Hooray Foods Founder Sri Artham said his product is already sold at about 300 Whole Foods Markets and some health food stores, but COVID-19 restrictions over the previous year had eliminated one powerful tool to encourage greater product trial: sampling. 

“The pandemic’s been really hard to do that — we can’t really demo our product in grocery stores, for example, or give out samples on the street as easily,” Artham said. Pop Up Grocer has served as a means to physically get Hooray Foods’ bacon into consumers’ hands.

“We’re just excited about the opportunity to have a physical manifestation … where people could learn about it, see it, buy it, try it and get excited,” he said. Within the first week of the Chicago Pop Up Grocer, Hooray Foods had sold out of its initial shipment of product. 

Pan’s Mushroom Jerky has participated in all five of Pop-Up Grocer’s events. The Portland, Oregon-based startup launched its shiitake mushroom-based jerky in 2018, offering a vegan, gluten-free snack that also is said to be a good source of fiber and vitamin D. It received a recent boost after appearing on Shark Tank and launching its product on Amazon Prime. The jerky is also available in about 900 stores nationwide.
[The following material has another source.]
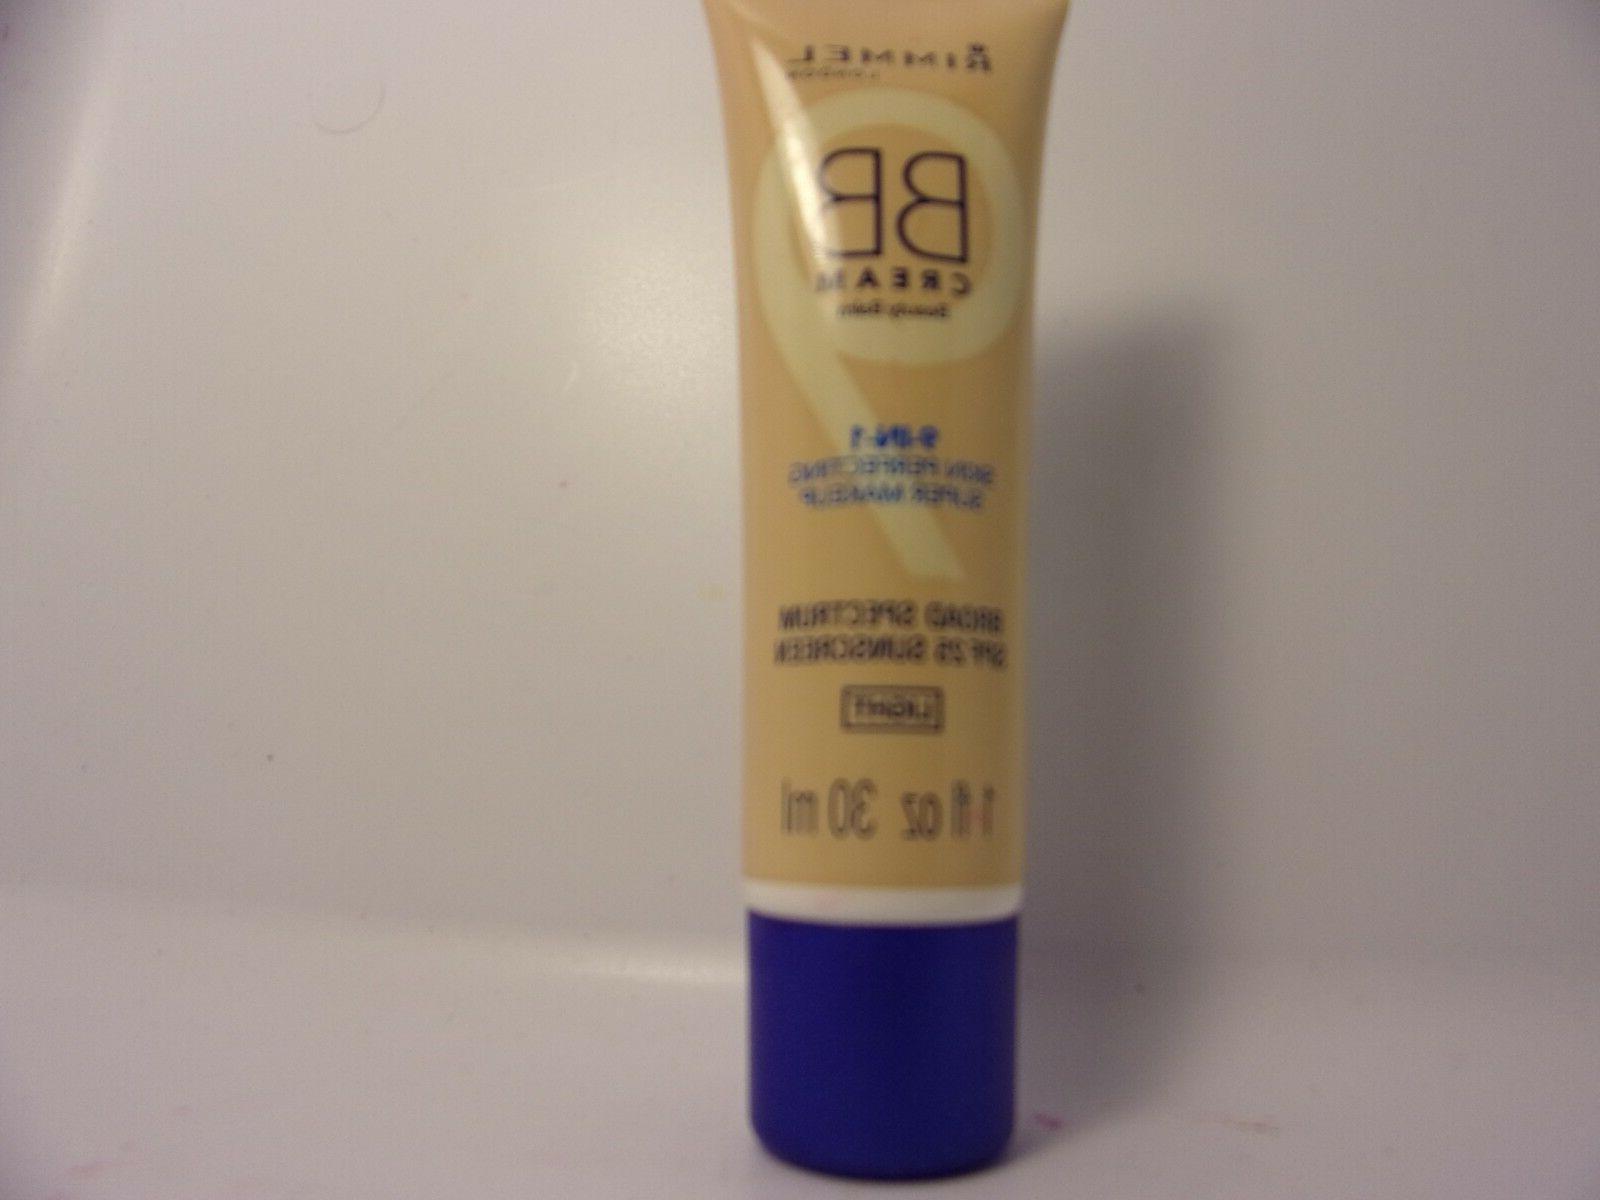 bb cream beauty balm 9 in 1

But Pop Up Grocer has offered its own unique outlet for brand exposure.   

“Our brand definitely doesn’t feel like it gets drowned out or lost in the noise,” said Shannon Lehotsky, head of sales and marketing for Pan’s. “It seems like it’s a very curated experience … We can get in front of a lot of people. I also think that there’s not that many opportunities to really transform grocery shopping and to have a fun experience, and I think it reinvigorates consumers’ enthusiasm and excitement about discovering snacks.” 

Lehotsky was initially leery about participating in a pop-up concept. Sometimes the execution is lacking, and brands are not represented accurately.

I’ve worked with pop-ups before where they’re like, ‘Yeah we’re going to represent your brand,’ and sometimes they don’t quite nail it,” she said, noting that they sometimes mischaracterize products to the end user. Pop Up Grocer uses brand descriptions from the CPGs themselves in making its event pamphlets. “That’s our language, our voice,” Lehotsky said.  

There are costs, however, associated in working with Pop Up Grocer, she noted, “so there is that barrier to entry that is the risk.” 


“Our brand definitely doesn’t feel like it gets drowned out or lost in the noise. It seems like it’s a very curated experience … We can get in front of a lot of people. I also think that there’s not that many opportunities to really transform grocery shopping and to have a fun experience, and I think it reinvigorates consumers’ enthusiasm and excitement about discovering snacks.”

Shannon Lehotsky

Head of sales and marketing, Pan’s Mushroom Jerky


Because Pop Up Grocer considers itself more of a marketing vehicle than a grocery store, it charges each brand a showcase fee, which Schildt declined to specify. “The brand makes the overwhelmingly large majority of the share of revenue from the sales of their product in store,” she noted.

Thus far, Pan’s has not only been able to sell jerky but it has also gotten exposure on multiple fronts, including in consumer publications such as Food & Wine.